9.- Anche questo era un punto esplicitato nella sentenza di rinvio laddove si è demandato alla Corte di merito non di tenere conto del fatto in sé che le parti avevano convissuto alcuni anni prima di contrarre unione civile, ma di accertare "i presupposti necessari per il riconoscimento dell'assegno, da valutarsi in relazione alla diversa prospettiva temporale segnata dall'estensione della durata del rapporto al periodo di convivenza che ha preceduto la costituzione dell'unione civile", verificando se l'eventuale squilibrio esistente all'atto dello scioglimento del vincolo dipendesse dalle scelte di conduzione della vita familiare adottate e condivise in costanza di rapporto, con il sacrificio delle aspettative professionali e reddituali di una delle parti, in funzione dell'assunzione di un ruolo trainante endofamiliare; e nell'ambito di tale verifica, tenere conto del ruolo di cruciale importanza della durata del rapporto, quale fattore di valutazione del contributo fornito da ciascun unito civilmente alla formazione del patrimonio comune e di quello dell'altro coniuge, oltre che delle effettive potenzialità professionali e reddituali sussistenti al momento della cessazione del vincolo.

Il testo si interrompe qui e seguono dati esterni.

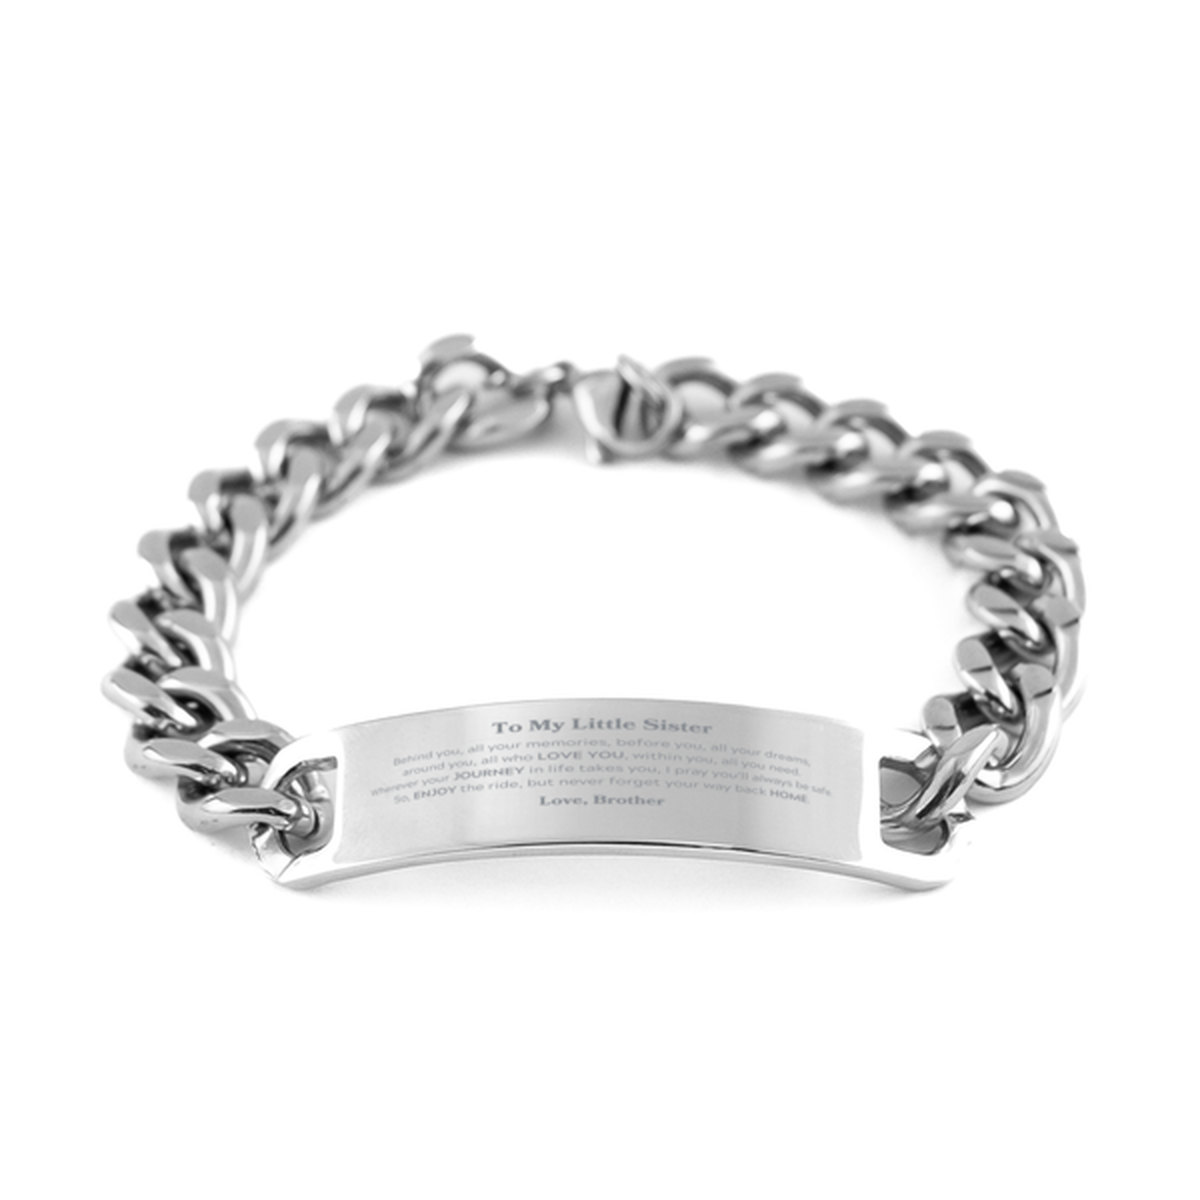 To My Little Sister Graduation Gifts from Brother, Little Sister Cuban Chain Stainless Steel Bracelet Christmas Birthday Gifts for Little Sister Behind you, all your memories, before you, all your dreams. Love, Brother

10.- In sintesi, può dirsi che, per le ragioni sopra esposte, è mancato nella sentenza oggi impugnata il pieno adempimento del mandato conferito dalle sezioni unite di questa Corte, nonché una piena e corretta applicazione dell'art.5 comma 6 della legge 898/1970. Da ciò consegue, in accoglimento per quanto di ragione del ricorso, la cassazione sul punto della sentenza impugnata e il rinvio alla Corte d'Appello di Trieste in diversa composizione per un nuovo esame, attenendosi al seguente principio di diritto:
Nell'ambito della unione civile, non diversamente da quanto avviene nel matrimonio, l'assegno divorzile può riconoscersi ove, previo accertamento della inadeguatezza dei mezzi del richiedente, se ne individui la funzione assistenziale e la funzione perequativo- compensativa. Mentre la prima va individuata nella inadeguatezza di mezzi sufficienti ad una vita autonoma e dignitosa e nella impossibilità di procurarseli malgrado ogni diligente sforzo, la seconda ricorre se lo squilibrio economico tra le parti dipenda dalle scelte di conduzione della vita comune e dal sacrificio delle aspettative professionali e reddituali di una delle parti, in funzione dell'assunzione di un ruolo trainante endofamiliare, in quanto detto sacrificio sia stato funzionale a fornire un apprezzabile contributo al ménage domestico e alla formazione del patrimonio comune e dell'altra parte. Con la precisazione che la sola funzione assistenziale può giustificare il riconoscimento di un assegno, che in questo caso non viene parametrato al tenore di vita bensì a quanto necessario per soddisfare le esigenze esistenziali dell'avente diritto; se invece ricorre anche la funzione compensativa, che assorbe quella assistenziale, l'assegno va parametrato al contributo fornito dal richiedente alla conduzione della vita familiare ed alla formazione del patrimonio comune, nonché di quello personale dell'altra parte.
P.Q.M.
accoglie il ricorso nei termini di cui in motivazione, cassa sul punto la sentenza impugnata e rinvia alla Corte d'Appello di Trieste in diversa composizione per un nuovo esame e per la liquidazione delle spese anche del giudizio di legittimità.
In caso di diffusione del presente provvedimento omettere le generalità e gli altri titoli identificativi a norma dell'art. 52 D.Lgs. 196/2003.
Così deciso in Roma, il 10 settembre 2025.
Depositato in Cancelleria il 17 settembre 2025.